The first year: I bring yellow roses because I’m mad.
I realized you are dead. And I am angry.
The second year: I bring red roses because I’m sorry for being petty.
I find acceptance.
The third year: I bring washed-out pink roses because that was the choice, that or orange.
They didn’t have red and I don’t pick orange because I am still sorry about the yellow.
And my chest opens with the swell of grief I told myself I had tamed. The deep longing of you, and us, and wanting to tell you, I love you so much. I’m used to you being dead but I can’t acclimatize to the grief. This is the year of longing.
This year, the first thing I notice is how handsome you are in your tombstone photo. Damn baby boy, I still haven’t seen eyes that blue.
I remember the first year. My ex-boyfriend commenting on how good looking you were, and at the time I wanted to scream “shut the fuck up” at him because talking about you in the past tense still tore at the edges of my heart not yet softened by time. That and I hated the photo they chose of you. It was taken too recent to your death and I felt it a betrayl that they commemorate the shell of you for reasons chronological rather than commemorate 20 year old you with your thick chestnut hair and peter pan smile and the flame of your fucking spirit still in your eyes. But yes, you are still handsome in the photo your family chose, you were more handsome before you shaved off all your hair and maybe that is the real tragedy that they didn’t pick a photo where you are more handsome.
It is the third year. I am with my friend. It is out of necessity I let another person in on my grief. Fuck, I need to learn to drive. I miss my ex-boyfriend a lot in this moment. He’s the one usually assigned to take me here. His absence is another little loss for me to bear but alas my ex-boyfriend is still alive so we can’t grieve that, not just yet. If only he were as dead as our relationship. I’m joking. I think I have subconsciously chosen the only other person on the planet that could be more oblivious to emotion than my ex-boyfriend. You’re still the best-intentioned babe. I love you so much. I do not want to be indulged. I’m still holding my vulnerability close to my chest. When we drive off, I have tears in my eyes that I only become aware of just before they fall. My friend doesn’t notice. I’m glad I didn’t cry. I am being brave against the grief this year. I want MB so badly.
My friend, the living one, counts out how old you were when you died and says: “He was 32, which is kinda sad cause you know if he died when he was 17 people would have talked about how there was time for a redemption story like you could make up in your head an alternate ending about how he could have turned his life around but at like 32, maybe the chances of getting better decrease and you’ve made your mistakes so you just don’t get that”. See, emotional oblivion. God bless him.
He continues, he asks if anyone at your funeral talked about how you overdosed. I say, “No, they gloss it”. I tell him I think they mention “your demons” but really I don’t remember. I don’t know if I am relieved that his presence is holding my grief at attention or maybe he thinks I’m tougher than I am and that this isn’t hard for me. Any of the peace I felt at year two has sunk into a deeper mourning I didn’t know existed.
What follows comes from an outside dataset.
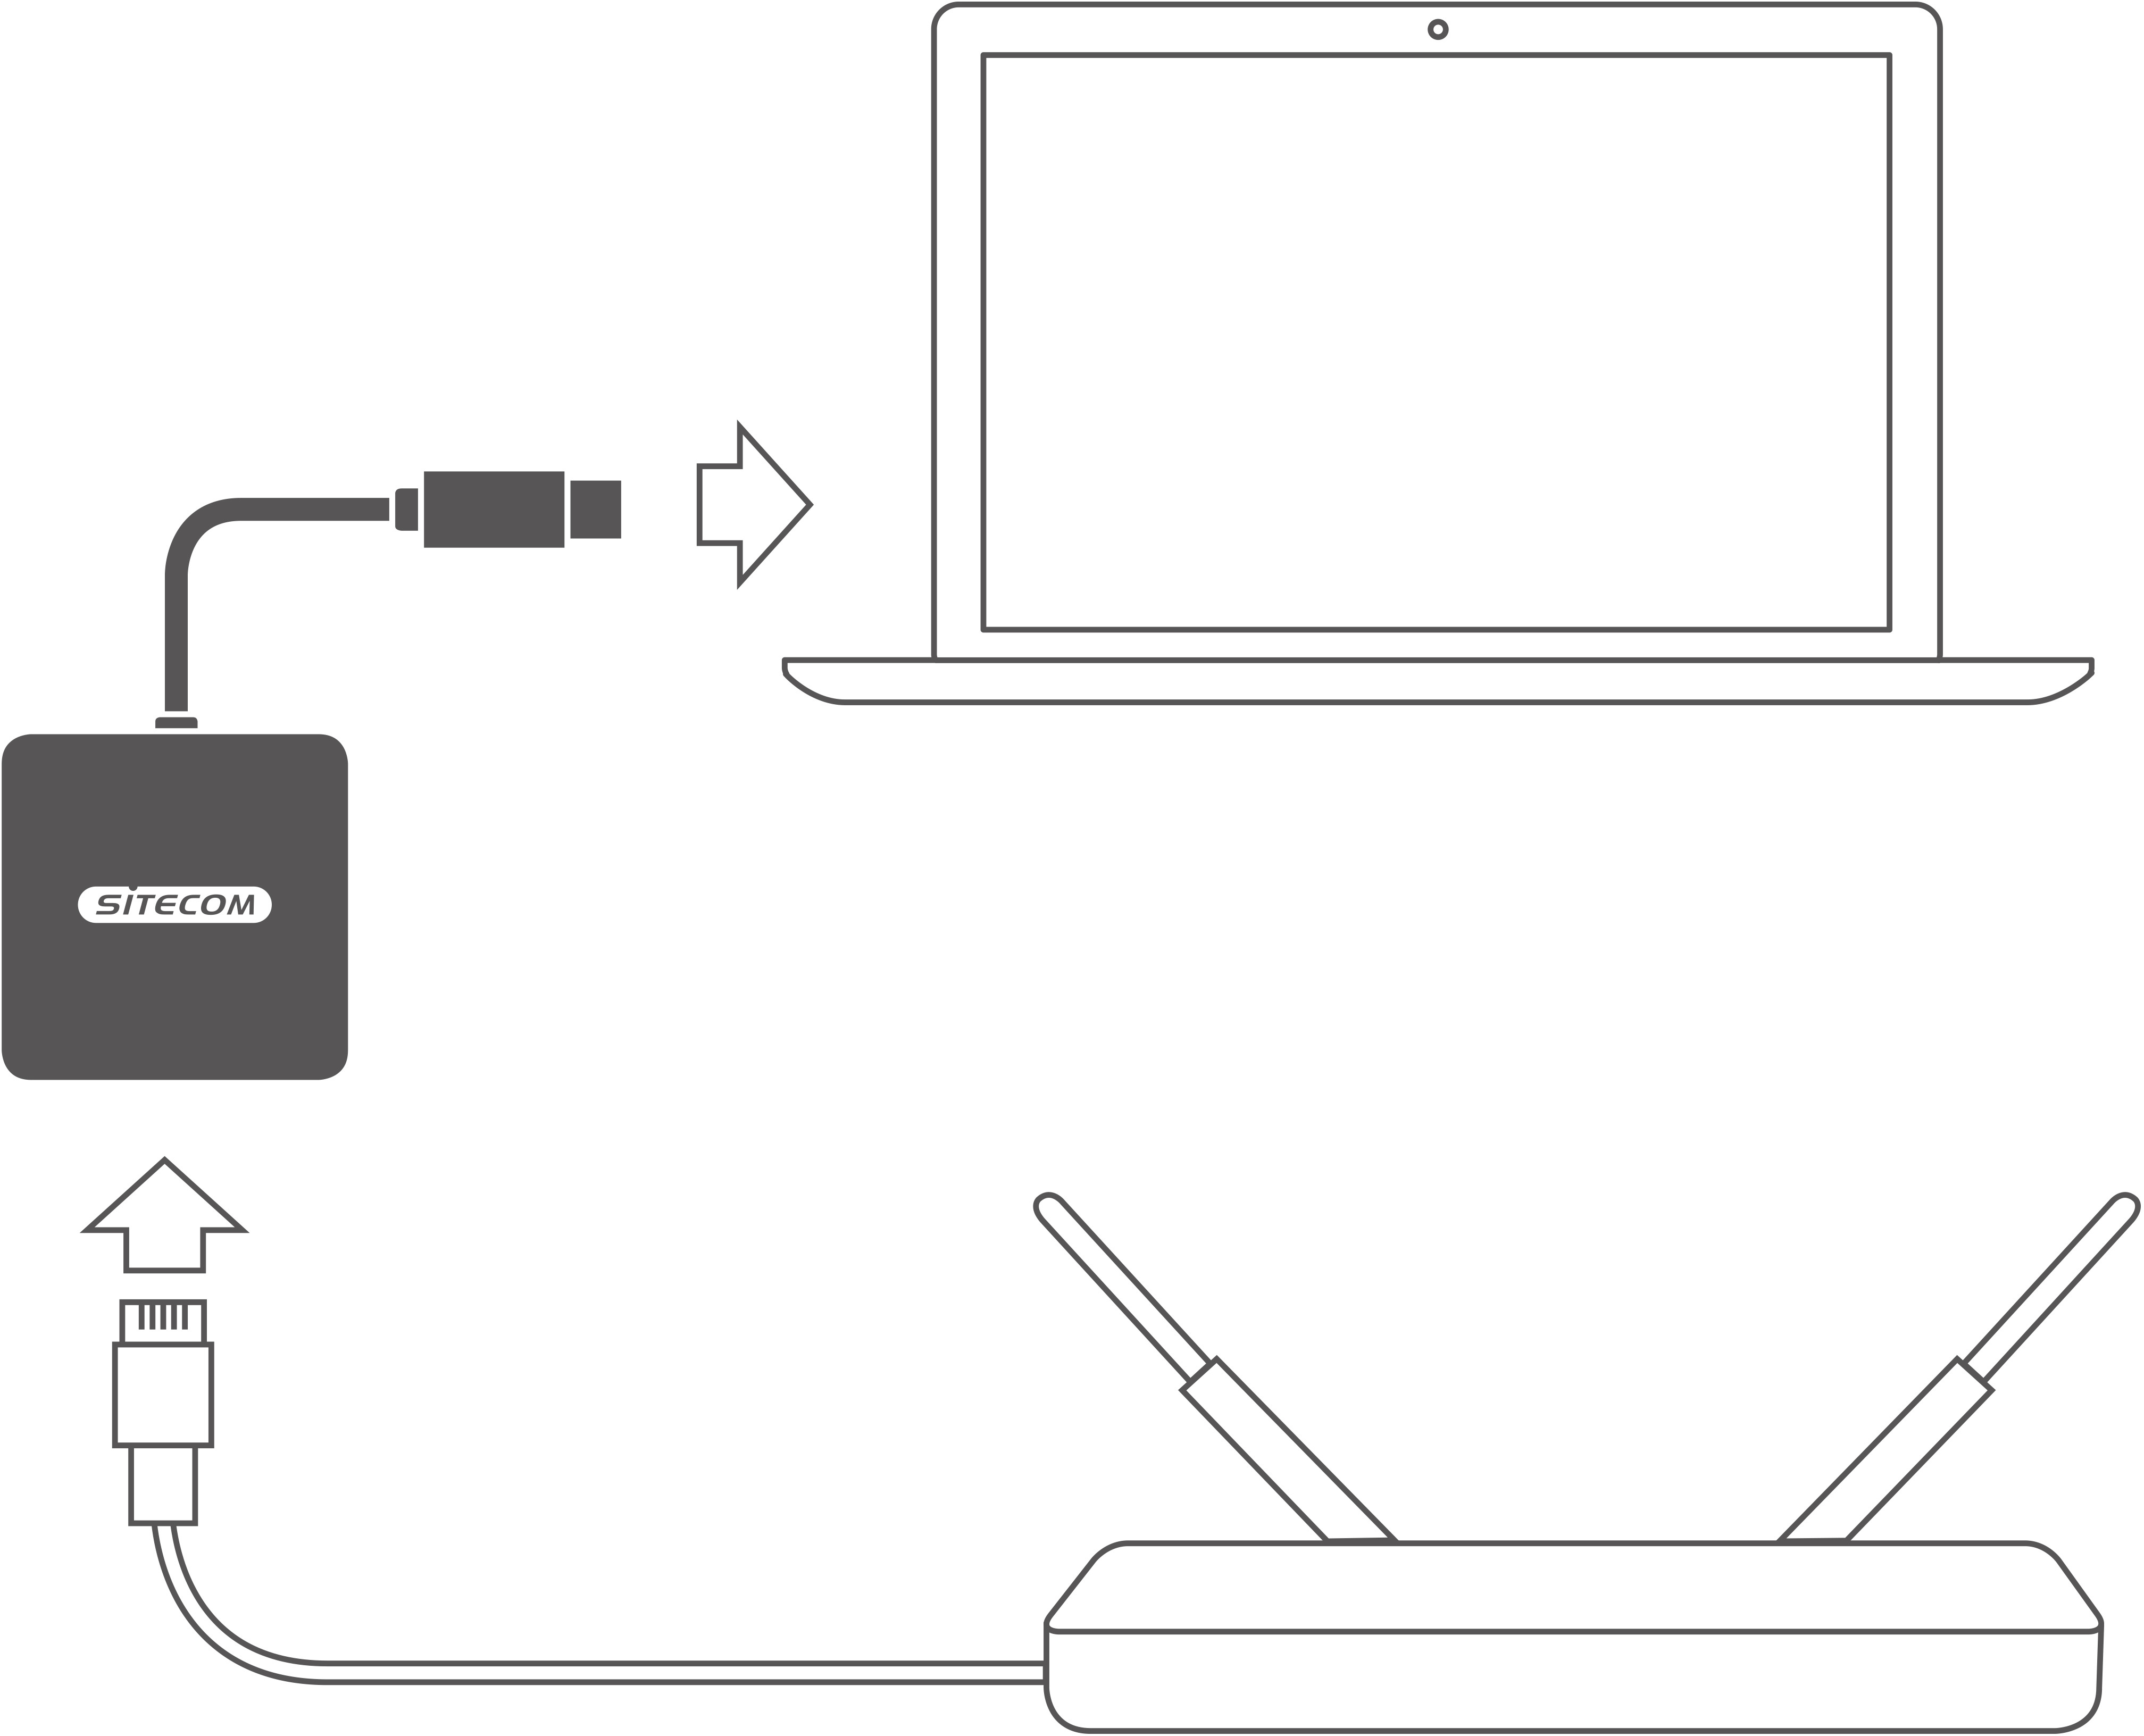 SITECOM USB 3.0 to GB LAN Adapter CN-341

Your grandma died. In 2018. June. And I don’t know how I didn’t notice, until this year. Why I didn’t notice in 2019. There she is buried next door to you. I feel like a bad friend. She died just over a year after you. I note. I’m falling back to the day of your funeral and the memory still makes my stomach seize. All I remember about your grandma is her wailing at your loss and I’m glad she’s dead for her own broken heart.
It’s been four years and that feels like a really long time and I’m scared that with each year that passes you drift further from me and I want to be able to tell you so bad that I’m doing good but I’ve come around full circle again and not in the good way. In the way that questions how can I be standing in the same fucking spot and it look like 2017. Cunt. It is really hard for me to feel like I am not falling backwards with your grief as the only measure of forward momentum. Congrats babe, you are not so bereaved you can’t eat or sleep. Excellent.
If you want to know. I use this ritual as my New Year. Coming, visiting your grave, this is the marker of time that I use to measure the last 12 months of growth, success, failure, love, heartbreak. Who needs New Year’s when I have you? I take the whole year and lay it down for you to see how I’m living. You cloak me from my own judgment as I reflect on what I’ve done and what I have failed to do since the last time I stood here to face you. I miss you so fucking much. Each year I never know what my grief will feel like, how it will mutate and adapt, how it will respond to you. What is the first thing that I will feel? What is the first thing that I will notice? What I will say.
This year all I want to say is “I love you”.